Was lustig daherkommt, könnte ernster nicht sein. Seitdem die Cellerinnen
und Celler erfahren haben, dass ihre Stadt für ein halbes Jahr von der
öffentlichen Infrastruktur abgetrennt wird, übt eine wachsende Gruppe von
ihnen das Staken. Sie bereiten sich darauf vor, lebenswichtige Güter über
die Aller in ihre Stadt zu transportieren. Der kleine Fluss wird zur
zentralen Lebensader, wenn in wenigen Tagen sämtliche Zufahrtsstraßen nach
Celle wegen Sanierungsarbeiten gesperrt werden.
„Ick heff mol en Hamborger Veermaster sehn, to my hooday!“, schallt es
vielstimmig über das Wasser. Das Seemannslied ist auch in Celle beliebt, in
dieser geheimnisvollen Stadt, die bald abgeschottet sein wird vom Rest der
Welt. Wenig war bisher über Celle bekannt. Viele Menschen wussten nicht
einmal, dass diese Stadt existiert, irgendwo zwischen Soltau und Wolfsburg,
zwischen Uelzen und Hannover. Wer lange recherchiert, erfährt, dass die
Stadt 2001 beim Bundeswettbewerb „Unsere Stadt blüht auf“ den ersten Platz
holte. Aber seither sind 24 Jahre vergangen und man hatte nichts Neues
gehört aus Celle.
## Plötzlich ist die Stadt in aller Munde
Bis jetzt.
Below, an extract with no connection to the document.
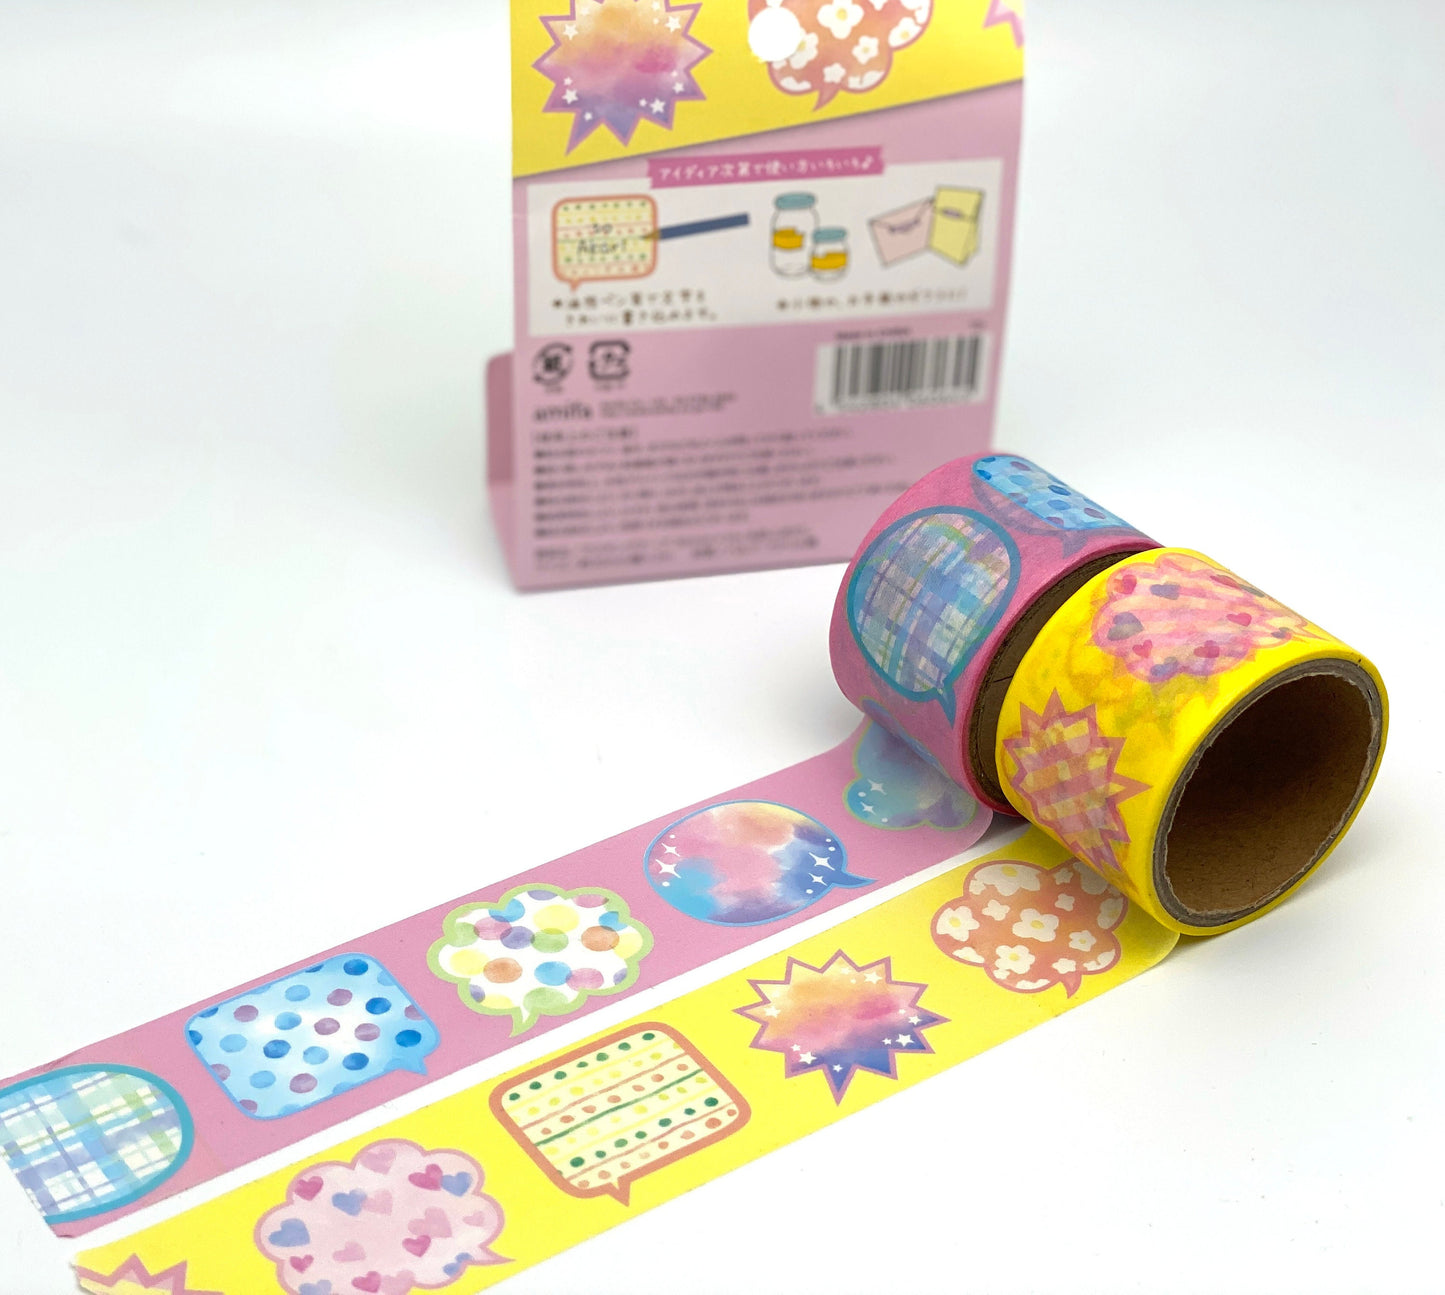 Etiketten Tape Washi Tape 30mm x 3M
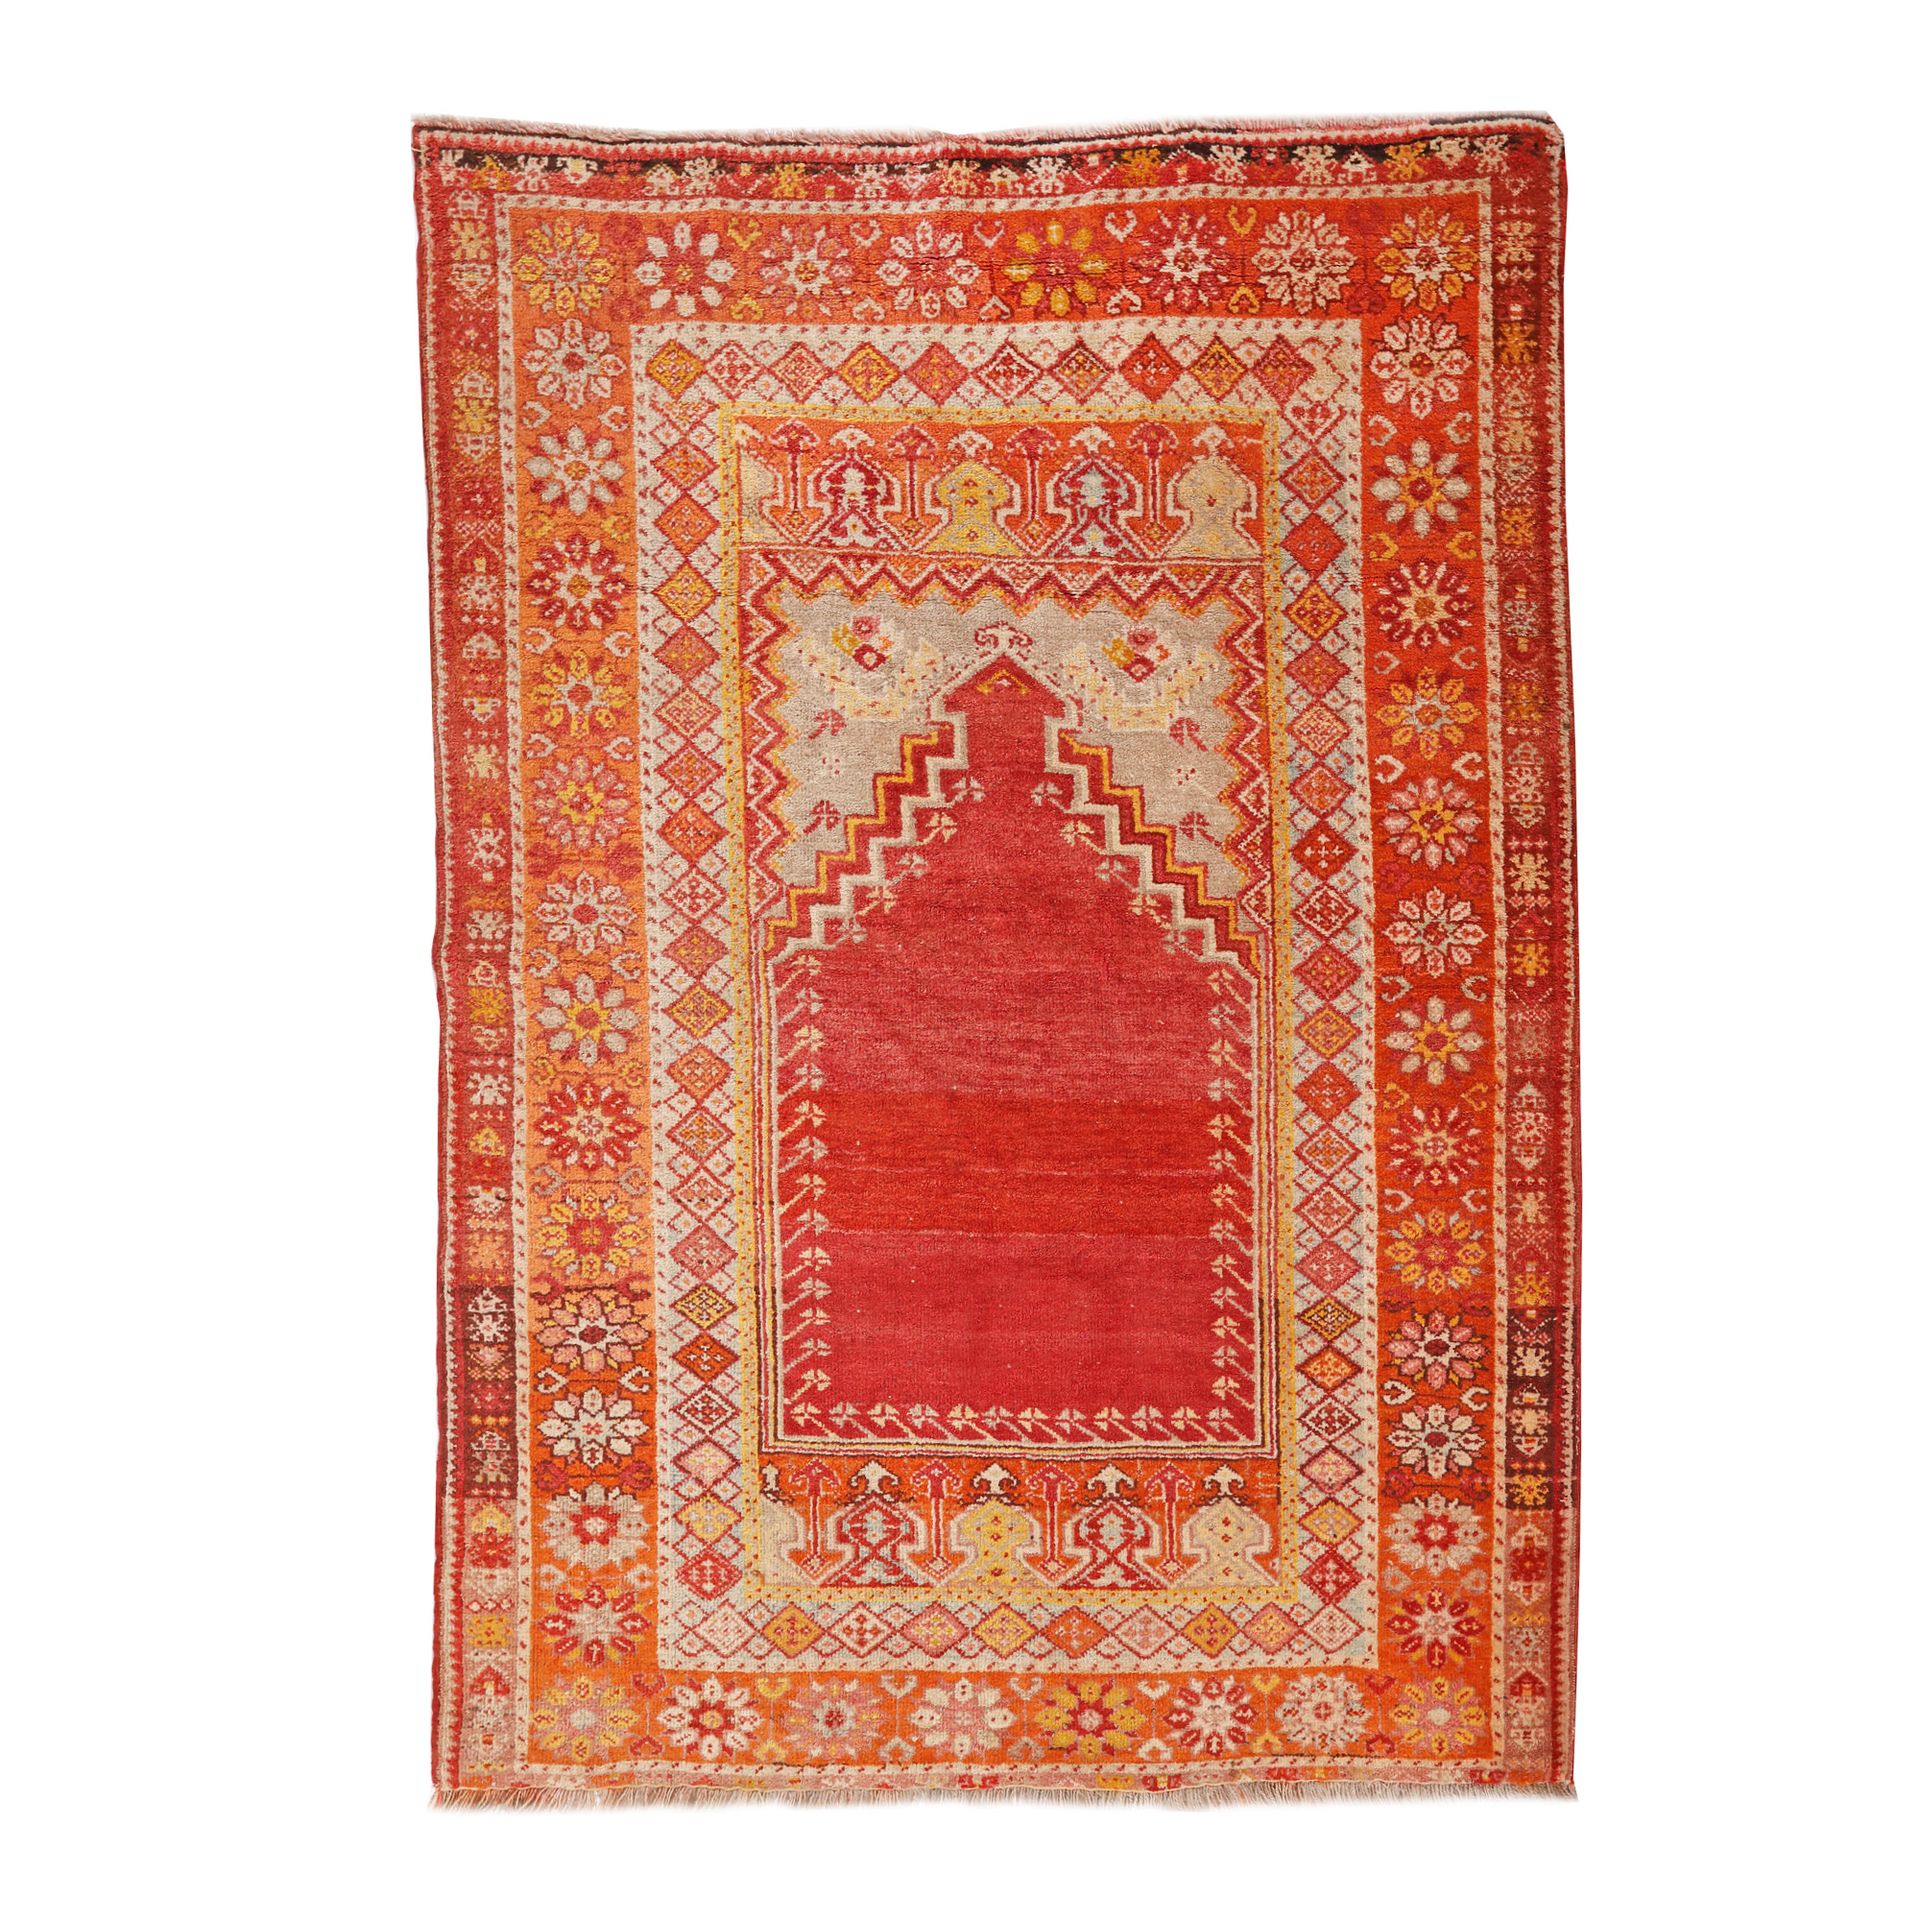 Kirsehir prayer wool carpet, Turkey, ca. 1850 wool on wool warp, 180 × 127 cm

Plötzlich ist diese Stadt in aller Munde, plötzlich lebt diese
Stadt, bäumt sich auf im Angesicht ihres bevorstehenden Einschlusses. „Wir
haben ja immer noch uns“, sagen die Cellerinnen und Celler, wenn sie über
die nächsten Monate reden.
Unten am Anlegesteg beschwört ein älterer Herr mit ortstypischer Holzmütze
die Gemeinschaft. „Wir werden diese Stadt am Leben halten. Wenn wir nicht
mit unseren Kirschholzkähnen die Aller hochstaken, dann wird diese Stadt
von den Rosinenbombern abhängig sein“, prophezeit er. Ein Junge heult auf:
„Aber ich mag doch keine Rosinen!“ – „Dann musst du das Staken üben,
Junge!“, ruft der Mann und springt zurück auf seinen Kahn.
Über Lebensmut lernt man viel in Celle, in dieser von Baustellen
eingeschnürten Stadt. Schon lange war klar, dass die Bundesstraße aus
Hannover einsturzgefährdet ist. Ein Aprilregen hatte sie unterspült. Aber
dann meldeten die Behörden immer mehr marode Straßen. Zum Beispiel die
Verbindung nach Beedenbostel, auf der tiefe Schlaglöcher das Fahren
verunmöglichen. Oder die Straße nach Hambühren, unter der Kinder beim
Spielen kürzlich ein riesiges Senkloch entdeckten, vermutlich verursacht
durch illegalen Bergbau.
Wie viel Pech kann eine Stadt haben? Celle hat in dieser Hinsicht neue
Maßstäbe gesetzt: Gleich alle Zufahrtsstraßen auf einmal kaputt,
Sanierungsstau extrem. Für ein halbes Jahr wird kein Auto, erst recht kein
Lastwagen in die Stadt hineinfahren oder sie verlassen. Und auch die
Zugstrecke ist defekt, weil die Metalldiebe immer dreister zuschlugen.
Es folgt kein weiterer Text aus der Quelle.